The section opens with chapters on types of water — the fundamental question of what may and may not be used for purification. An-Nasai's treatment is more granular than that of al-Bukhari or Muslim: he collects hadiths on the purifying property of sea water, water in which a dog has drunk (and the command to wash the vessel seven times, one with earth), water left overnight in a vessel, and the threshold at which a body of water becomes too contaminated to use for purification (the famous two qullah hadith, which an-Nasai grades and discusses in more detail than most other compilers).
The wudu chapters are organized with an-Nasai's characteristic attention to the internal consistency of narrations. He notes when a narrator transmits a hadith in a way that differs slightly from another reliable narrator's version of the same event — and rather than simply choosing one, he often presents both and comments on which is more strongly supported. This comparative approach is one of the hallmarks of his methodology and is particularly evident in the wudu section, where he records multiple accounts of the Prophet performing wudu from different Companions who observed on different occasions.
The chapters on wiping over leather socks (masah ala al-khuffayn) are among the most detailed in any collection. An-Nasai records the various time limits cited for travelers versus residents, the conditions a sock must meet to be suitable for wiping rather than washing, and hadiths from multiple Companions who testified they saw the Prophet wipe over his socks. He grades each chain and notes where narrators disagree, providing the material for jurists to construct their arguments about the scope and conditions of this concession.
The ghusl section covers not only the obligations of the full ritual bath but several hadiths on the manner in which the Prophet performed ghusl, recorded by his wives. The variant accounts of whether the Prophet began his ghusl with wudu and in what order he washed different parts of his body are presented alongside one another, allowing scholars to understand that the specific sequence may have varied by occasion while the essential elements remained constant.

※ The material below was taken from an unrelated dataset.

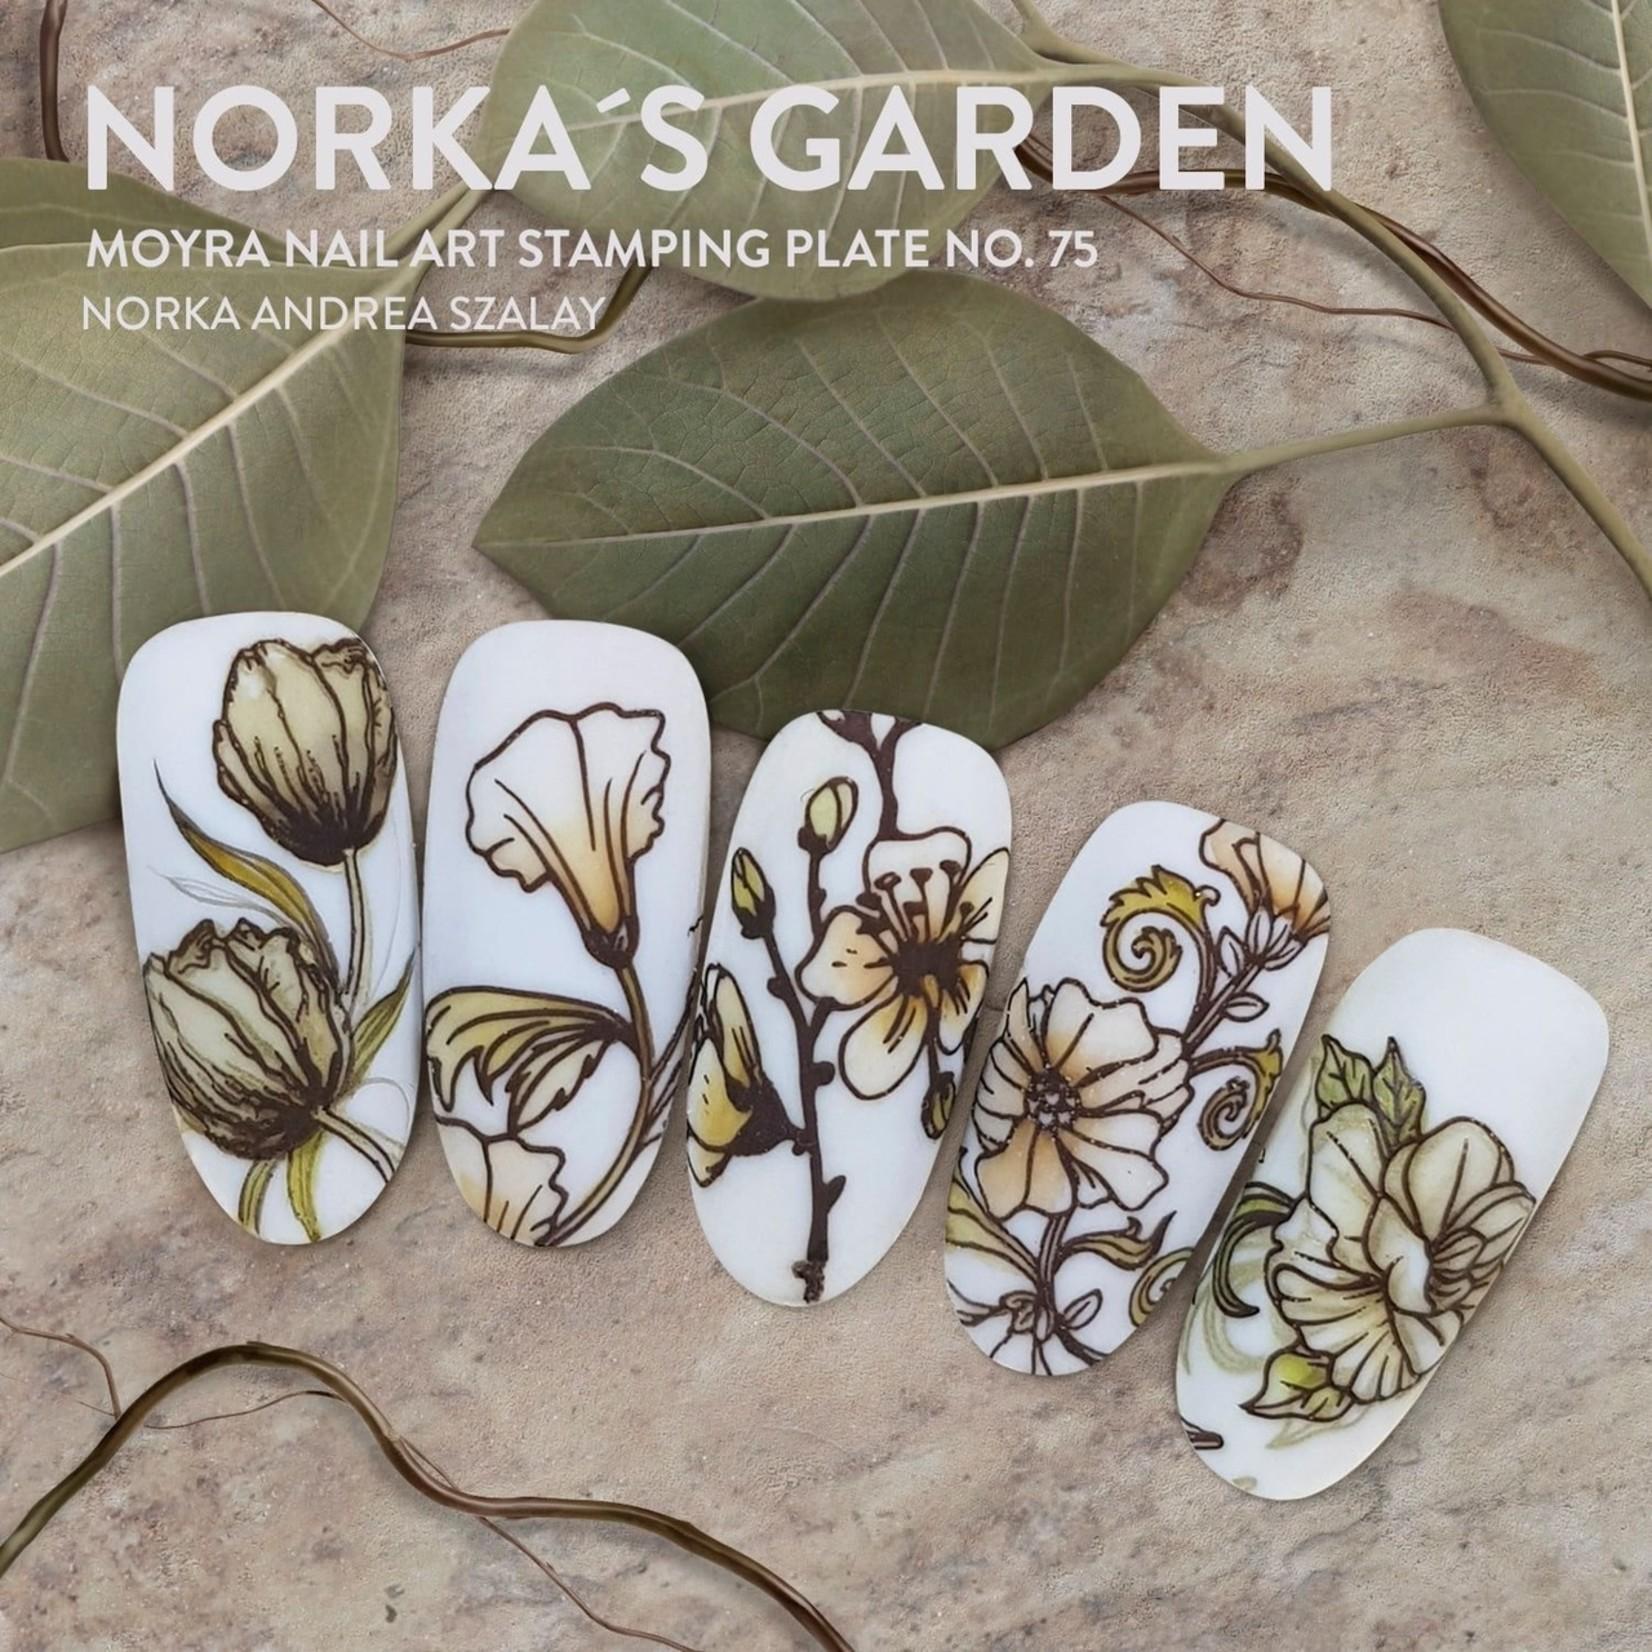 Moyra Moyra Stamping plate 75 Norka's garden

An-Nasai's treatment of menstruation and post-natal bleeding (nifas) is particularly valuable because he covers disputed sub-questions that are left ambiguous in shorter collections: the minimum and maximum duration of each state, the hadiths that bear on irregular bleeding (istihada), and the specific narrations that describe how the Prophet guided individual women dealing with irregular bleeding through precise practical instructions. These chapters became primary sources for the complex fiqh of women's purity in all four madhabs.
The overall effect of an-Nasai's Kitab at-Taharah is of a scholar who approached the topic not just as a collector of narrations but as a critic who understood that the precise wording of a hadith, the identity of its narrator, and its relationship to other narrations on the same question were all data points in building reliable legal knowledge. Students of Islamic purity law find this section indispensable as both a hadith reference and a model of critical methodology.